So why would Russia want a President Trump when actual events suggest that it could achieve its objectives much more easily with a President Clinton in office, whose actions, predilections, and temperament Russia had further observed and benefited from while she was President Obama's secretary of state?  In Hillary Clinton, Russia saw a candidate more interested in the globalists' demands from Katowice, Paris, and Davos than tough issues like Middle East proxy wars, Russian adventurism, nuclear proliferation, and the solidarity of the NATO alliance.  Albeit speculative, it further stands to reason that Vladimir Putin was just as surprised as CNN to wake up that November Wednesday morning to learn that the "impossible" had indeed happened.  Given the pre-election global political and media consensus, a Clinton victory was likely baked into the Kremlin's cakes as well.

Did Russia attempt to interfere with the 2016 election in some shape or form?  That answer is almost assuredly "yes," but there was most likely no organized scheme of coordination, conspiracy, or "collusion" with the Trump campaign.  It wasn't necessary.  Why would Russia do it?  Quite simply, to sow (more) discord and acrimony to undermine American government and leadership.  For that, Kremlin actors are probably exchanging high fives and fist bumps for the amplified effects.

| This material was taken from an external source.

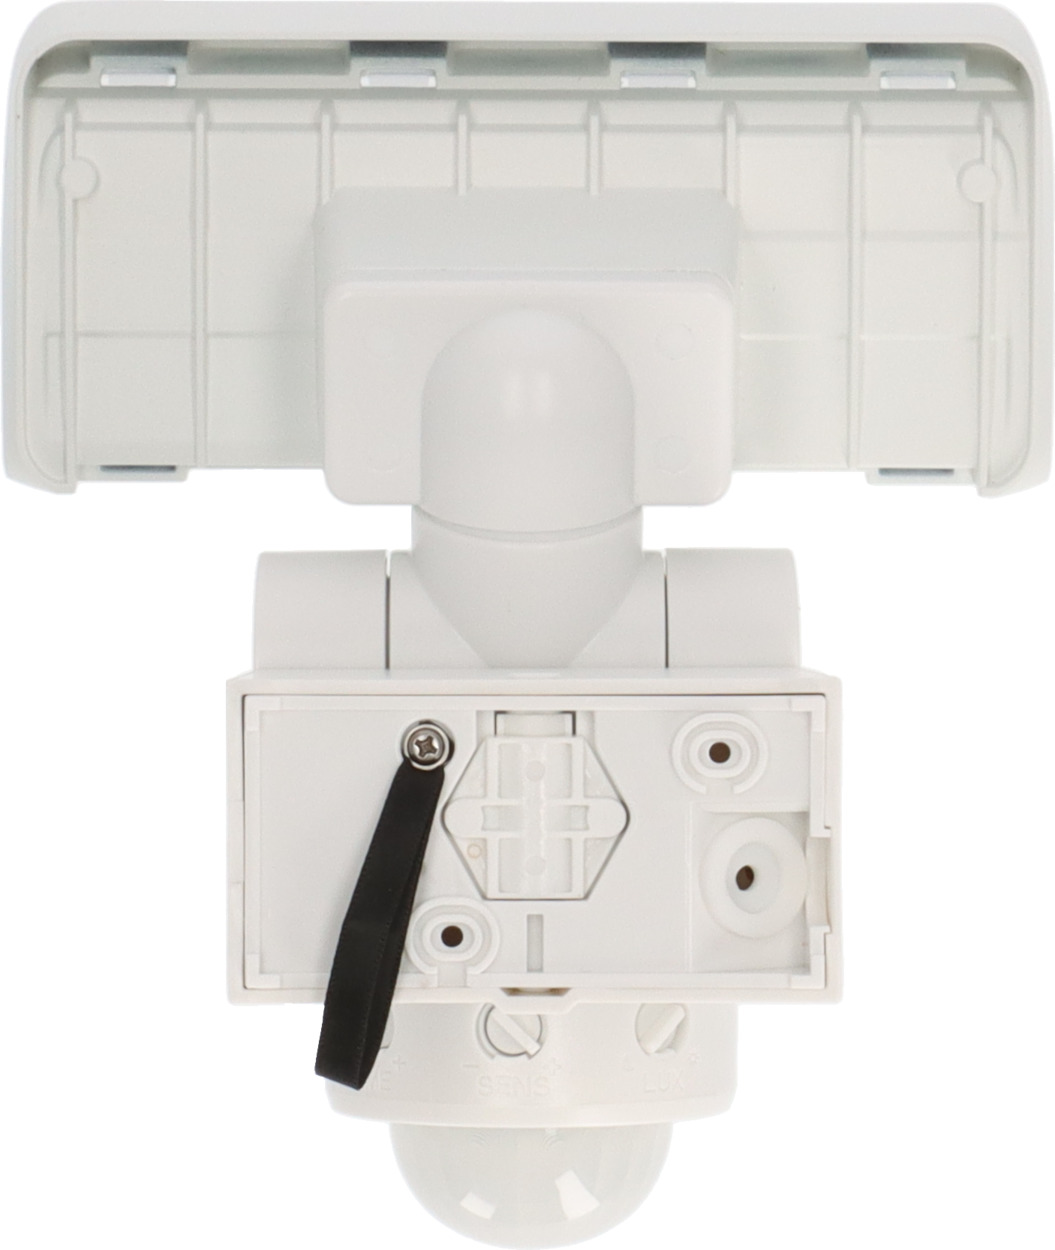 LED Strahler weiß 1680lm, | Bewegungsmelder, WS brennenstuhl® mit WP 2050 IP44

Is Robert Mueller practicing partisan Beltway politics with its ulterior motives, or does he truly believe that his mandate is so open-ended that it should not be reasonably subject to expectations of results, time limits, or limits to the taxpayers' liability?  Neither of those conditions casts Robert Mueller in the role of upright public servant.

For the American public, it is way past time for Robert Mueller to make his case, put his cards on the table, and turn in his homework.  At this stage of the game, Jack McCoy would counsel him – you can just picture the cameo scene – that he'd best "go big or go home."  But for him to do so, explaining the Russian motive to "collude" with President Trump must be a real head-scratcher.

Chris J. Krisinger (colonel, USAF ret.) writes on governance and national security topics.  He lives in Burke, Virginia.

Image: James Ledbetter via Flickr.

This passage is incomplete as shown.